▸ To do
For the material that follows, return exactly the lines from the one with "Firma transportowa. Wydanie" through the one with "ミルク コラーゲン エッセンス", both ends included.

[Start of Attachment]

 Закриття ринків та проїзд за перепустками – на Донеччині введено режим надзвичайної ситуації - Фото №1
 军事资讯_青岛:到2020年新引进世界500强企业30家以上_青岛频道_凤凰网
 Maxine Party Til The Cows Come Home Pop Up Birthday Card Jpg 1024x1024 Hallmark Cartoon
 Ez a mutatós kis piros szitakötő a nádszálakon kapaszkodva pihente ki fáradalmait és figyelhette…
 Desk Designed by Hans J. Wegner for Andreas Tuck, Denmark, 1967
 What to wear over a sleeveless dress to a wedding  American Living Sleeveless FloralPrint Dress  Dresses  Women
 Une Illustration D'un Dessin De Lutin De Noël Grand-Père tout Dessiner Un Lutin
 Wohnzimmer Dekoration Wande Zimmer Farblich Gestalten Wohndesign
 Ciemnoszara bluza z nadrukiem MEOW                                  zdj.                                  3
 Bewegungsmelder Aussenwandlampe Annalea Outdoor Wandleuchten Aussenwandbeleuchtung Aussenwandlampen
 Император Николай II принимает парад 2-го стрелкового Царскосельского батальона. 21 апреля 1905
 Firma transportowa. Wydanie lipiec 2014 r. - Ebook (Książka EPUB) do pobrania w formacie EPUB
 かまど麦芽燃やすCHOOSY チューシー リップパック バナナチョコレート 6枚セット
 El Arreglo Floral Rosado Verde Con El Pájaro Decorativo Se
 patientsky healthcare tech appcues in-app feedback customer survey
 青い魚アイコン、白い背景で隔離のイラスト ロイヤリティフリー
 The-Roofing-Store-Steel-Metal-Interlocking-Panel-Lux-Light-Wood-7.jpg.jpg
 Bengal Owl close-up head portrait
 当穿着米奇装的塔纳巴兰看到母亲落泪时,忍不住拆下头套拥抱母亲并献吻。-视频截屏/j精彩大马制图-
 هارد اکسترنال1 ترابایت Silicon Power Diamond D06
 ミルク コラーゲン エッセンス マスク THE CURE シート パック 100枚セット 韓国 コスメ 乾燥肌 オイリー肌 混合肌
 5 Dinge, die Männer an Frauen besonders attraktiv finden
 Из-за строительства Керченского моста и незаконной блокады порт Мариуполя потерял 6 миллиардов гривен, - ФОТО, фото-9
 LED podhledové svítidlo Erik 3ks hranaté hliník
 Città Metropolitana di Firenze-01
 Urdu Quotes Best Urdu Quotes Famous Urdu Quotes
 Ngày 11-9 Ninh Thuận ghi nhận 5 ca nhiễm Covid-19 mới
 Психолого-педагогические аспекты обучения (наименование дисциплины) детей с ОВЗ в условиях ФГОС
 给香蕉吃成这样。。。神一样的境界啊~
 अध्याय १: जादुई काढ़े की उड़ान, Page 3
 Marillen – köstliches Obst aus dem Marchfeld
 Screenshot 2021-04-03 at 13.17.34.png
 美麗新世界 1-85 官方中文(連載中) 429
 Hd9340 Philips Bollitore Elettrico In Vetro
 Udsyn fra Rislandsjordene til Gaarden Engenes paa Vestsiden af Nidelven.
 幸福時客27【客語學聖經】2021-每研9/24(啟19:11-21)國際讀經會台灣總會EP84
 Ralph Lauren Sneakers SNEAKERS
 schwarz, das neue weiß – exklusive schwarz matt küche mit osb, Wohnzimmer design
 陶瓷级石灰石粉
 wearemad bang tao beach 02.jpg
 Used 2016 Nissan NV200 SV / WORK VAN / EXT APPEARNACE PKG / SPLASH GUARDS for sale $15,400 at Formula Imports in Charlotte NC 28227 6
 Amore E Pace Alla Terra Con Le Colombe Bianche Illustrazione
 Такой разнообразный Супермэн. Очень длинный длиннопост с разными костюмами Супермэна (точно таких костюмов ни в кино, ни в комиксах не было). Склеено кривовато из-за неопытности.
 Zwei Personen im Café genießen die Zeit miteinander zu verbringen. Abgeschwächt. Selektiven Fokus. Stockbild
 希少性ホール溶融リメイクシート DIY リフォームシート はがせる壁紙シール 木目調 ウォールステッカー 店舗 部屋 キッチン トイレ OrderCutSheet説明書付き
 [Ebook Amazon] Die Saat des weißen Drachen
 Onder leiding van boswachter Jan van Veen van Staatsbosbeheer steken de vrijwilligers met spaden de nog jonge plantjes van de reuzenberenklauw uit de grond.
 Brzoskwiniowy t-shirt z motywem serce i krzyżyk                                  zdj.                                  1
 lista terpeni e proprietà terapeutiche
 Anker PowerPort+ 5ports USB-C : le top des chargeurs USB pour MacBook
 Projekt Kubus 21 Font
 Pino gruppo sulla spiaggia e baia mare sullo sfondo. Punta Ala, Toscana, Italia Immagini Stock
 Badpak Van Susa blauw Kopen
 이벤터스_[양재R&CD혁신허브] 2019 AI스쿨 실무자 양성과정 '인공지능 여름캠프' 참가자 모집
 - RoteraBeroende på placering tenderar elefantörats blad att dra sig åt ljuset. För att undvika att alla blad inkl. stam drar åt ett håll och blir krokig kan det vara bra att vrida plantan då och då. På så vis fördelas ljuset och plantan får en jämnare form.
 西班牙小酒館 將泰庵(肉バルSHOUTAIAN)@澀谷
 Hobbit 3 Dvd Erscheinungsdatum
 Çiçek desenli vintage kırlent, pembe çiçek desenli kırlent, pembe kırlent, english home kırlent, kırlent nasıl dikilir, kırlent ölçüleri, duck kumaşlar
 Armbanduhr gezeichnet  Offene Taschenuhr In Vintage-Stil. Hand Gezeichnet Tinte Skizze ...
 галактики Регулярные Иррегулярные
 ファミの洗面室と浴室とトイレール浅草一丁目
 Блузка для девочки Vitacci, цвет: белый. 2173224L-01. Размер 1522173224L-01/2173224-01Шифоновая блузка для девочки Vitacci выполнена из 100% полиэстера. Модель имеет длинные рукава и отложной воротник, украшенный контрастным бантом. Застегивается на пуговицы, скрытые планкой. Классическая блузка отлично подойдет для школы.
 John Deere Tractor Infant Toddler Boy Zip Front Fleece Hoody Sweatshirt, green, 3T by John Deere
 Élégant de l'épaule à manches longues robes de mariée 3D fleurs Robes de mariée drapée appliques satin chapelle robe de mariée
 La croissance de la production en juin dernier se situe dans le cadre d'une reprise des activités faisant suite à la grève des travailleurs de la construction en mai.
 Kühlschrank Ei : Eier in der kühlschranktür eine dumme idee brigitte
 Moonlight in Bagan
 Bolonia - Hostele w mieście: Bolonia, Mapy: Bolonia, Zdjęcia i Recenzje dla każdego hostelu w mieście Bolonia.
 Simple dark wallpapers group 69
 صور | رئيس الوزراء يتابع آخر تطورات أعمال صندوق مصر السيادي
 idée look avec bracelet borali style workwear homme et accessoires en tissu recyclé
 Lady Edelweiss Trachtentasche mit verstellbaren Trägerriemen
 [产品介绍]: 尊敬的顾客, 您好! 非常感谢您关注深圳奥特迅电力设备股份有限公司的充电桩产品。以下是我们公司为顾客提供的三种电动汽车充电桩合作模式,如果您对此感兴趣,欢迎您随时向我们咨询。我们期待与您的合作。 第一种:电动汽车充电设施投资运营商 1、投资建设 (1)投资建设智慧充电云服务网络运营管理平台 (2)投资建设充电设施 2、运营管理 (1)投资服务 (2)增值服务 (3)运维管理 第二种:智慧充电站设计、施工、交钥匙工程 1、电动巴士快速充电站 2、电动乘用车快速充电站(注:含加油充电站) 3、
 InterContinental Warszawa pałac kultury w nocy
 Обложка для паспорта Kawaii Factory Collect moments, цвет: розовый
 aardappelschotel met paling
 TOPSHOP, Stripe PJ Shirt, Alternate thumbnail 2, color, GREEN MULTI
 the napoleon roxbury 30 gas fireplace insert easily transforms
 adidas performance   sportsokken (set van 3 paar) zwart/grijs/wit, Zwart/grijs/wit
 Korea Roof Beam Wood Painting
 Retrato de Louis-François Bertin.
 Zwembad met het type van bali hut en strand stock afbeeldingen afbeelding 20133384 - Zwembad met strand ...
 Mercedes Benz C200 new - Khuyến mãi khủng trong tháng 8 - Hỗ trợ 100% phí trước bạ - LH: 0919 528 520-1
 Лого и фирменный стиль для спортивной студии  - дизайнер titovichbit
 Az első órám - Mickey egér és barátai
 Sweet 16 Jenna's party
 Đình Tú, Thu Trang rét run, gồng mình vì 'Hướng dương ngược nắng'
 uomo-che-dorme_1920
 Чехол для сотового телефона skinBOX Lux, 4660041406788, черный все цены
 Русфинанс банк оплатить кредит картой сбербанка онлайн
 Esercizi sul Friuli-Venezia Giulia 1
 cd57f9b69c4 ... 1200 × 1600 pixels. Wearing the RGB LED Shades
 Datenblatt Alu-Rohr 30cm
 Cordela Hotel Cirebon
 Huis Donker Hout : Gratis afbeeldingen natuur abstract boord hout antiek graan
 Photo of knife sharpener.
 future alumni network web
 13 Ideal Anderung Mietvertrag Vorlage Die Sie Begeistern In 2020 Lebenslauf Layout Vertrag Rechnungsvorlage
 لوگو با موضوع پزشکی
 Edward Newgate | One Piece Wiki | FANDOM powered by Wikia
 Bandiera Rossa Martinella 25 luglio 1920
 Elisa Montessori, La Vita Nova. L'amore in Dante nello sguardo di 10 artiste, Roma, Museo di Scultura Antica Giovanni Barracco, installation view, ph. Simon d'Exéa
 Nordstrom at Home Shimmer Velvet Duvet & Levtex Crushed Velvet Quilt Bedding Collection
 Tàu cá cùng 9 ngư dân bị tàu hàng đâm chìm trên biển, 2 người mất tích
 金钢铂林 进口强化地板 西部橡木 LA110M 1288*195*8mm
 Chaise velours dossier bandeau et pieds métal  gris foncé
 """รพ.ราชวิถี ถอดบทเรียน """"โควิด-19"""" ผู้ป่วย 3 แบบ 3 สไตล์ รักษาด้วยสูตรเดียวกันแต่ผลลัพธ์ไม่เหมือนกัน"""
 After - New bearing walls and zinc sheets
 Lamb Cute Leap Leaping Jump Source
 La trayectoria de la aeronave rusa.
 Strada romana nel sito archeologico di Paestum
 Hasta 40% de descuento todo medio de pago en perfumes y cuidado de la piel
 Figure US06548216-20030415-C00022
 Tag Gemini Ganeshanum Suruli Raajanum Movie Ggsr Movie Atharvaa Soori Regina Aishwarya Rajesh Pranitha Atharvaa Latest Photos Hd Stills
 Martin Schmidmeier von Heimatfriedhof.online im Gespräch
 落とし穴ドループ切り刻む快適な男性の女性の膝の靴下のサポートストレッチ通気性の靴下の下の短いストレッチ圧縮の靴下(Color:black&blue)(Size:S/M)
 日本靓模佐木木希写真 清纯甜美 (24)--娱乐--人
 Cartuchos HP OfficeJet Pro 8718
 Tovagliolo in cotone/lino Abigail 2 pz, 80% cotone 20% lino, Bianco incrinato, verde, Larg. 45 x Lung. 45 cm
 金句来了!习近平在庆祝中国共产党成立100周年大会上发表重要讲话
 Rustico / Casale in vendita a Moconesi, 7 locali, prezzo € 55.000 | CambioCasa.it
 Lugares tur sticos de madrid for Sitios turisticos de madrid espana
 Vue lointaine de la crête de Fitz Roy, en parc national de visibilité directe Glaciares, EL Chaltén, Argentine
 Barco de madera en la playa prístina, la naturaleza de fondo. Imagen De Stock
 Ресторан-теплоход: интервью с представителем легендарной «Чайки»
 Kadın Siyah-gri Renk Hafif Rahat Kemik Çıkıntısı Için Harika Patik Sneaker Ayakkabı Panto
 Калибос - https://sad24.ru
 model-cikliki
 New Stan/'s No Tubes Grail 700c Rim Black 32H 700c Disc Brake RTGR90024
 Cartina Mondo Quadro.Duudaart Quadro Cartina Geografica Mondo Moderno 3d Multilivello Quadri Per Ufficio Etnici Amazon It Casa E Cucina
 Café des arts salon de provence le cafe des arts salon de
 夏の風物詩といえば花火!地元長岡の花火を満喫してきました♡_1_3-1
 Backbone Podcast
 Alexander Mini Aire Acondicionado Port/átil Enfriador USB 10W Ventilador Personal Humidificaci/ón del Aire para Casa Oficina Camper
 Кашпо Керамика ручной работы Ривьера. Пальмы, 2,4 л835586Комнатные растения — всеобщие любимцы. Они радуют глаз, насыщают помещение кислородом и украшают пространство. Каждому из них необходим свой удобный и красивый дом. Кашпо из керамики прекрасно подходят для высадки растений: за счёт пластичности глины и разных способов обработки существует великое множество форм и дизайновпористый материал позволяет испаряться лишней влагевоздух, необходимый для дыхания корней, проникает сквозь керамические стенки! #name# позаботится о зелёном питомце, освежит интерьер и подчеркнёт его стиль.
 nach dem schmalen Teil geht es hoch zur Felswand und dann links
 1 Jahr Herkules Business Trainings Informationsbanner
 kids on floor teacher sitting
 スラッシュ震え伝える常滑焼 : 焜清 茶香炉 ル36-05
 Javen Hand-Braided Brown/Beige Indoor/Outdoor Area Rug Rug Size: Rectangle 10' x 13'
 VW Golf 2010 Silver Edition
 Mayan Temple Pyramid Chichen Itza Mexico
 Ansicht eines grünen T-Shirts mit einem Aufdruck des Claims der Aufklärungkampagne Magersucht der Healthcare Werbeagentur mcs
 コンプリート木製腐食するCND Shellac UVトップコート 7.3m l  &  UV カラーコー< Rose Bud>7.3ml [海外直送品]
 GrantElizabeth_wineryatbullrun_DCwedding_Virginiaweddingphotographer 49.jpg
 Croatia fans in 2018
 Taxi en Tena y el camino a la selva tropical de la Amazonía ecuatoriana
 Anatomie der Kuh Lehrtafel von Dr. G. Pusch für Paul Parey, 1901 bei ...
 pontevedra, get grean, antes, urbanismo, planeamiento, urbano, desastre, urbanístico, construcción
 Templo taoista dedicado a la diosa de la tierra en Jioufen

[End of Attachment]

▸ Expected answer
 Firma transportowa. Wydanie lipiec 2014 r. - Ebook (Książka EPUB) do pobrania w formacie EPUB
 かまど麦芽燃やすCHOOSY チューシー リップパック バナナチョコレート 6枚セット
 El Arreglo Floral Rosado Verde Con El Pájaro Decorativo Se
 patientsky healthcare tech appcues in-app feedback customer survey
 青い魚アイコン、白い背景で隔離のイラスト ロイヤリティフリー
 The-Roofing-Store-Steel-Metal-Interlocking-Panel-Lux-Light-Wood-7.jpg.jpg
 Bengal Owl close-up head portrait
 当穿着米奇装的塔纳巴兰看到母亲落泪时,忍不住拆下头套拥抱母亲并献吻。-视频截屏/j精彩大马制图-
 هارد اکسترنال1 ترابایت Silicon Power Diamond D06
 ミルク コラーゲン エッセンス マスク THE CURE シート パック 100枚セット 韓国 コスメ 乾燥肌 オイリー肌 混合肌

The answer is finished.